Question

A kite is $300\,m$ high and there are $500\,m$ of cord out. If the wing moves the kite horizontally at the rate of $5$ kilometres per hour directly away from the person who is flying it, the rate at which the cord is being paid is?
A. $2$ kilometres per hour
B. $4$ kilometres per hour
C. $6$ kilometres per hour
D. $8$ kilometres per hour

Answer 1

The kite has a certain height, and the cord extends to a certain height, as mentioned in the question. We must now determine the rate at which the cord is being paid out if the kite is flying horizontally at a speed of five kilometres per hour. First, we'll figure out the height-cord equation, and then we'll figure out the pace by differentiating the obtained equation.

Complete step by step answer:
We are given that a kite is flying at $300\,m$ height and length of cord that is out is $500\,m$. We know that the height of cord, the length of cord and the base of ground makes a right angled triangle as shown in the figure below.

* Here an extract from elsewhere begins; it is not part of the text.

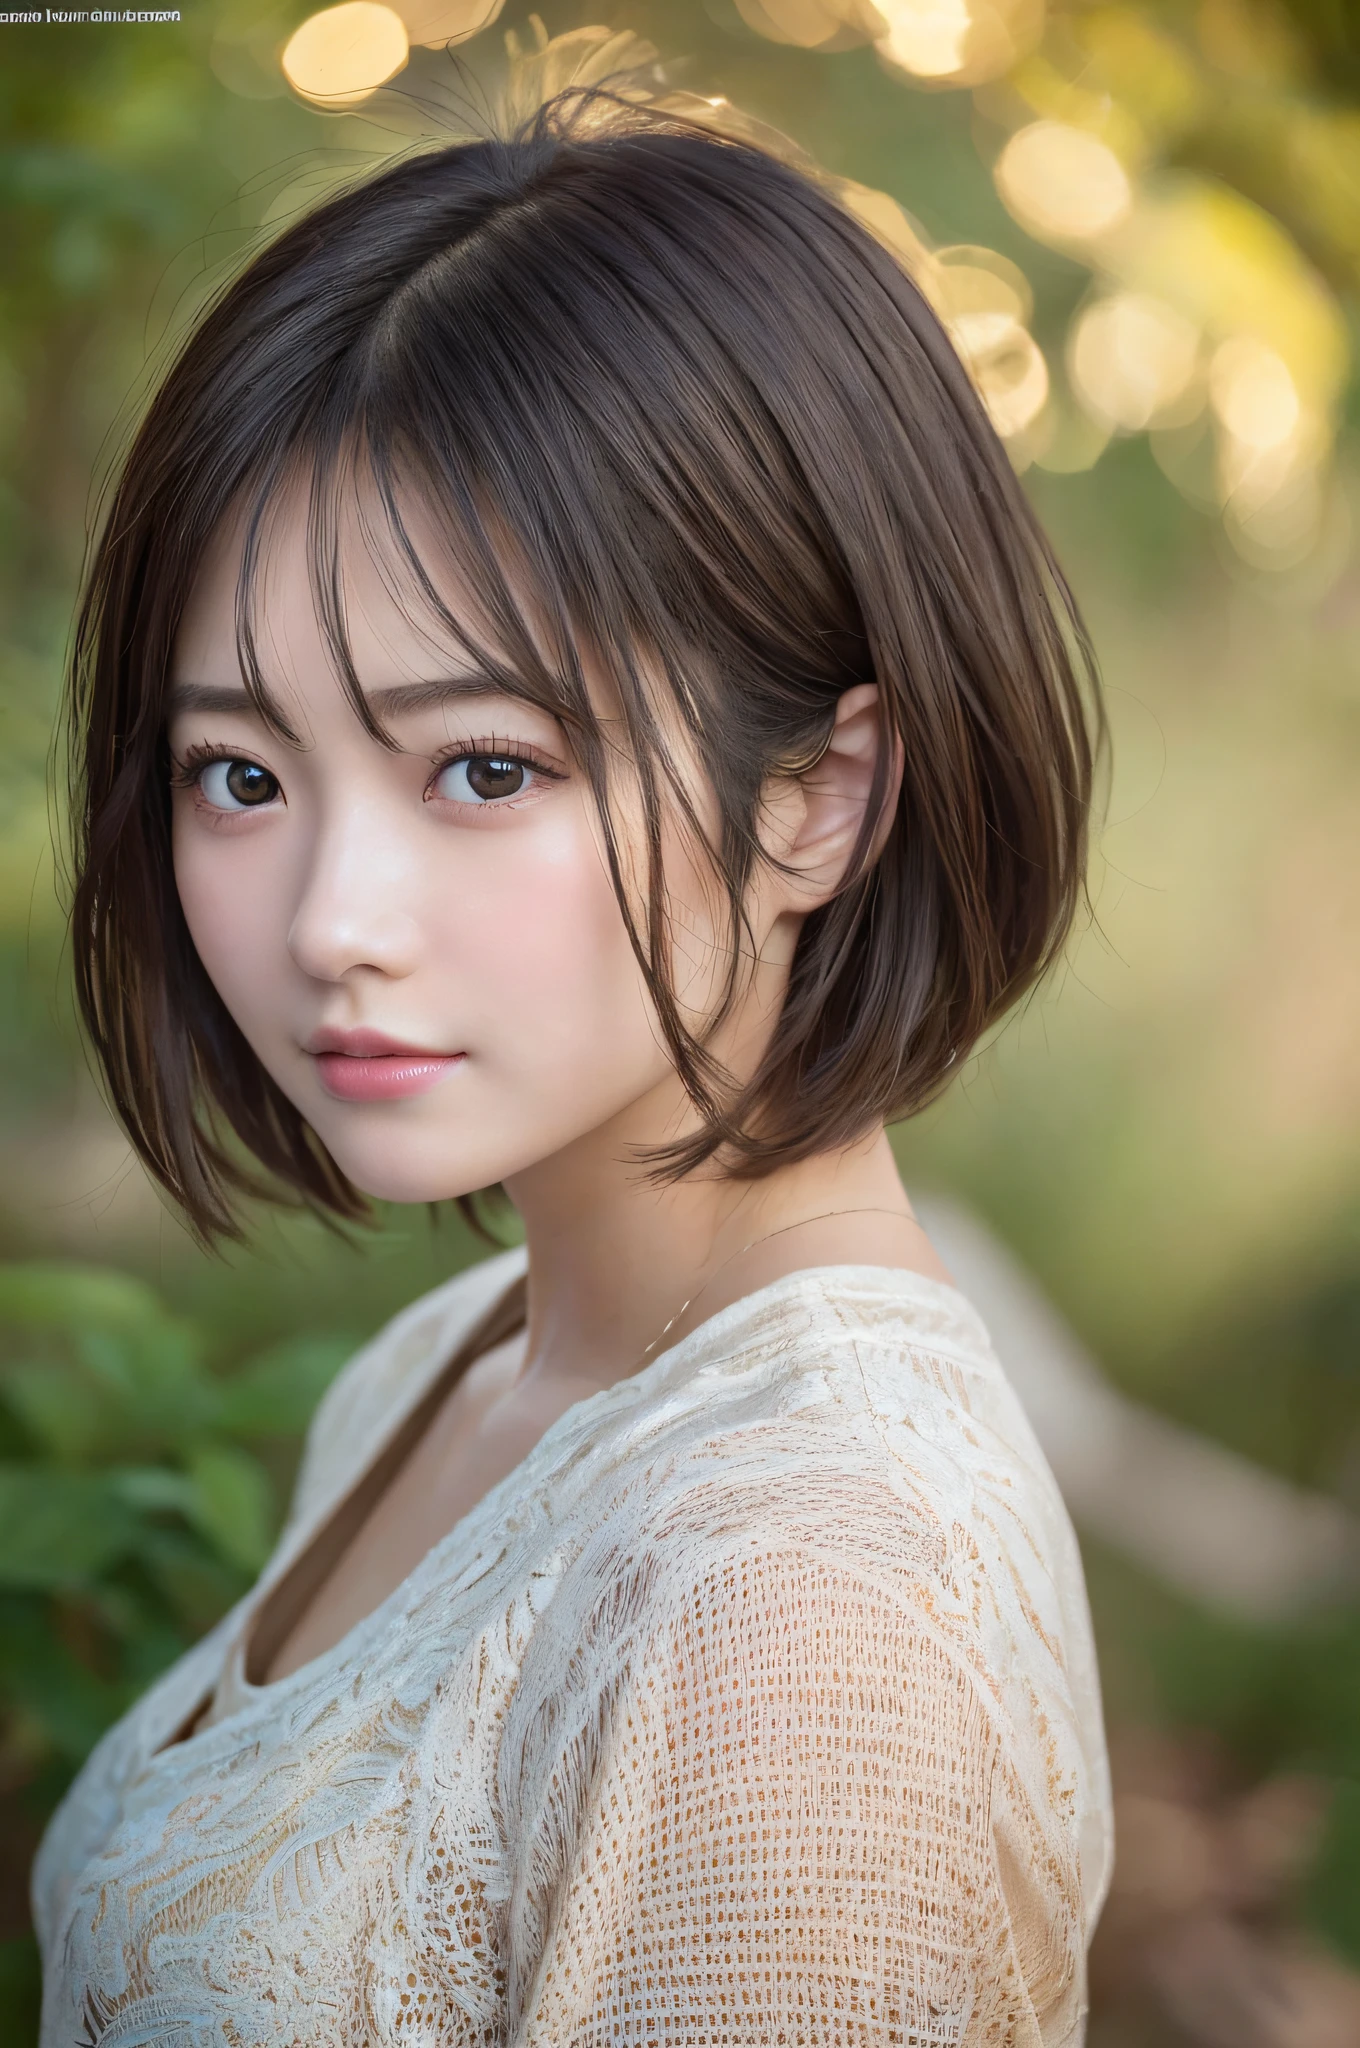 (Masterpiece: 1.3), (8k, photorealistic, RAW photo, best quality: 1.4), (1girl), Japan person, 22 years old, beautiful face, (realistic face), (black hair, short hair: 1.3), beautiful hairstyle, realistic eyes, beautiful detail eyes, (realistic skin), beautiful skin, absurdity, attractive, ultra high resolution, ultra realistic, high definition, golden ratio
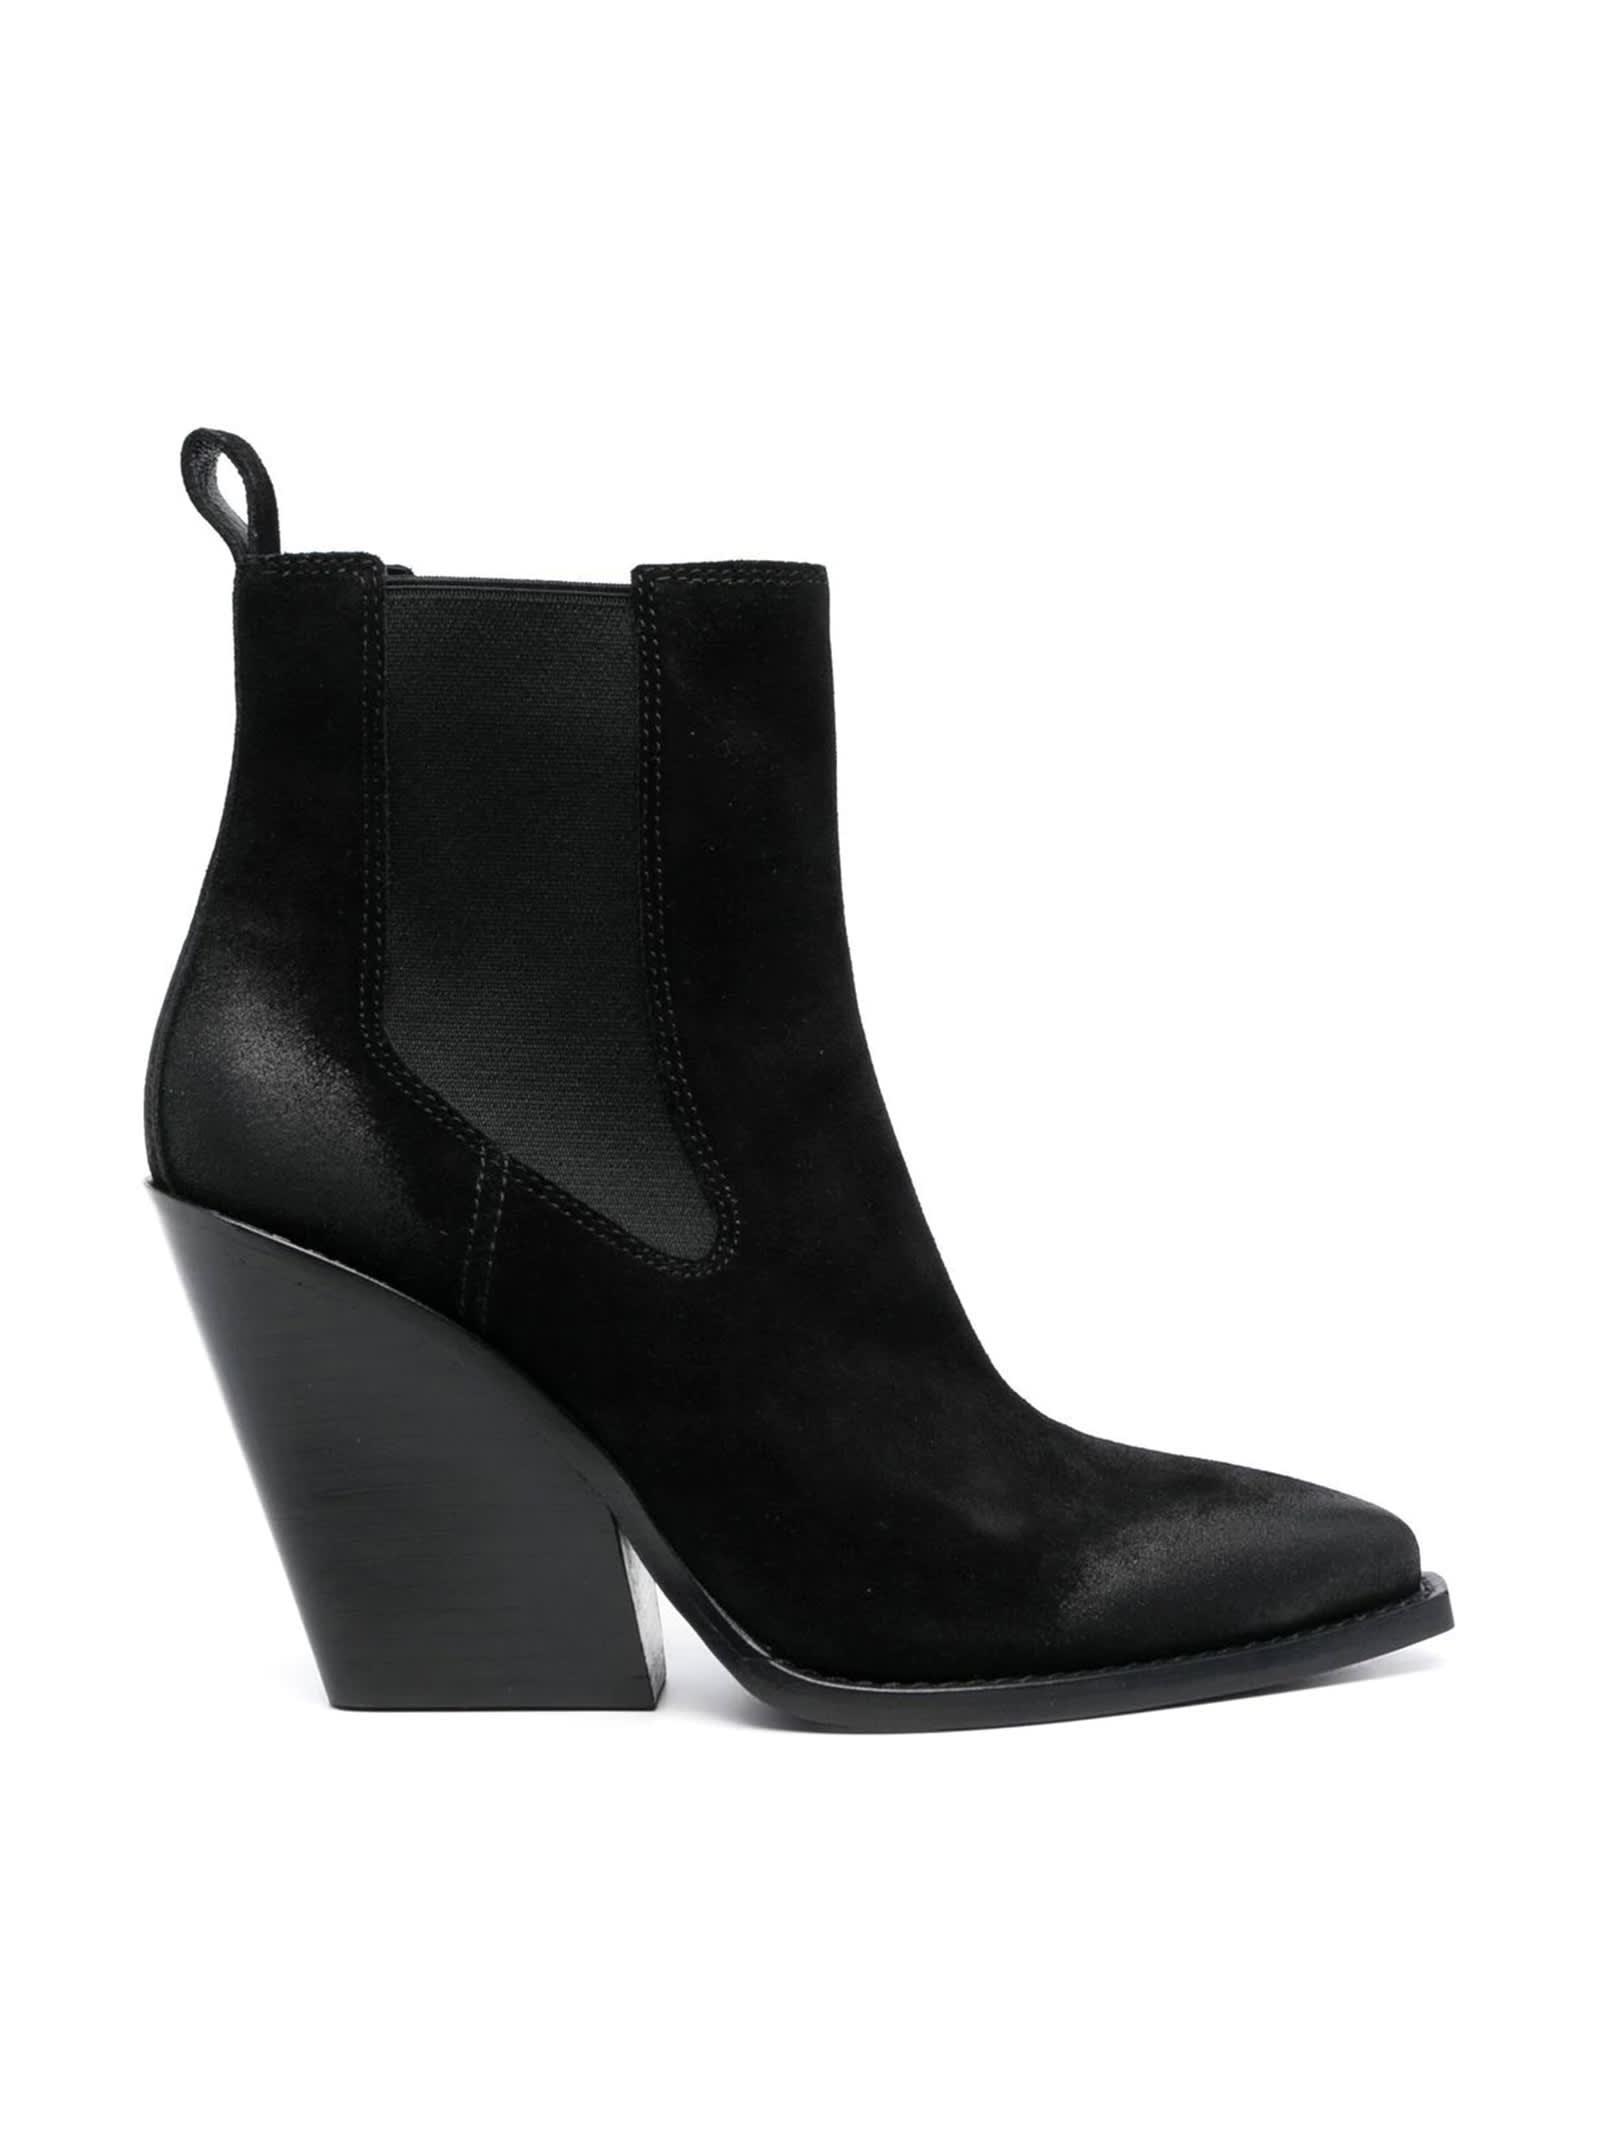 Ash Bowie Texan Boots in Black | Lyst

So, we use the Pythagoras theorem in the right angled triangle,
${h^2} + {b^2} = {l^2} - - - - \left( 1 \right)$
where h is the height of the kite, b is the base of the ground and l is the length of the cord.
So, we first calculate the value of distance of base of ground from person to the kite.
So, substituting the value of height of kite and length of cord, we get,
$\Rightarrow {\left( {300m} \right)^2} + {b^2} = {\left( {500m} \right)^2}$
Shifting the terms of the equation and computing the square of terms, we get,
$\Rightarrow {b^2} = {\left( {500m} \right)^2} - {\left( {300m} \right)^2}$
$\Rightarrow {b^2} = 250000\,{m^2} - 90000\,{m^2}$
$\Rightarrow {b^2} = 160000\,{m^2}$
Taking square root on both sides of the equation and considering only the positive value as length cannot be negative.
$\Rightarrow b = 400m$

Now differentiating the equation $\left( 1 \right)$ using the chain rule of differentiation, we get,
$\Rightarrow 2h\dfrac{{dh}}{{dt}} + 2b\dfrac{{db}}{{dt}} = 2l\dfrac{{dl}}{{dt}}$
Now, we height of kite $= h = 300\,m$
Length of cord $= l = 500\,m$
Distance along base of ground from person to kite $= b = 400\,m$
Also, the speed of kite horizontally away from the person$= \dfrac{{db}}{{dt}} = 5kmph = \dfrac{{5000m}}{{1hr}}$
Since the height of the kite remains constant. Hence, we have, $\dfrac{{dh}}{{dt}} = 0kmph = \dfrac{{0m}}{{1hr}}$.
We have to find the value of $\dfrac{{dl}}{{dt}}$ from the equation.
Now, substituting the value of the known quantities in the equation, we get,
$2\left( {300m} \right)\left( {\dfrac{{0m}}{{1hr}}} \right) + 2\left( {400m} \right)\left( {\dfrac{{5000m}}{{1hr}}} \right) = 2\left( {500m} \right)\left( {\dfrac{{dl}}{{dt}}} \right)$

Simplifying the equation, we get,
$\Rightarrow 800 \times 5000 = 1000\left( {\dfrac{{dl}}{{dt}}} \right)$
Dividing both sides of the equation by $1000$, we get,
$\Rightarrow 800 \times 5 = \left( {\dfrac{{dl}}{{dt}}} \right)$
$\therefore \left( {\dfrac{{dl}}{{dt}}} \right) = 4000$
Therefore, we get a rate at which the card is being paid as $4000$ metres per hour or $4$ kilometres per hour. So, actually if the wind moves the kite horizontally at the rate of $5$ kilometres per hour directly away from the person who is flying it, the rate at which the cord is being paid is $4$ kilometres per hour.

Hence, the correct answer is option B.

Note: While taking derivative, we know the power rule of differentiation as $\dfrac{{d\left( {{x^n}} \right)}}{{dx}} = n{x^{\left( {n - 1} \right)}}$ where x is variable and n is constant. We must know the chain rule of differentiation to form the equation required for getting to the final answer. We also should know the applications of Pythagoras theorem in order to calculate the third side of the right angled triangle.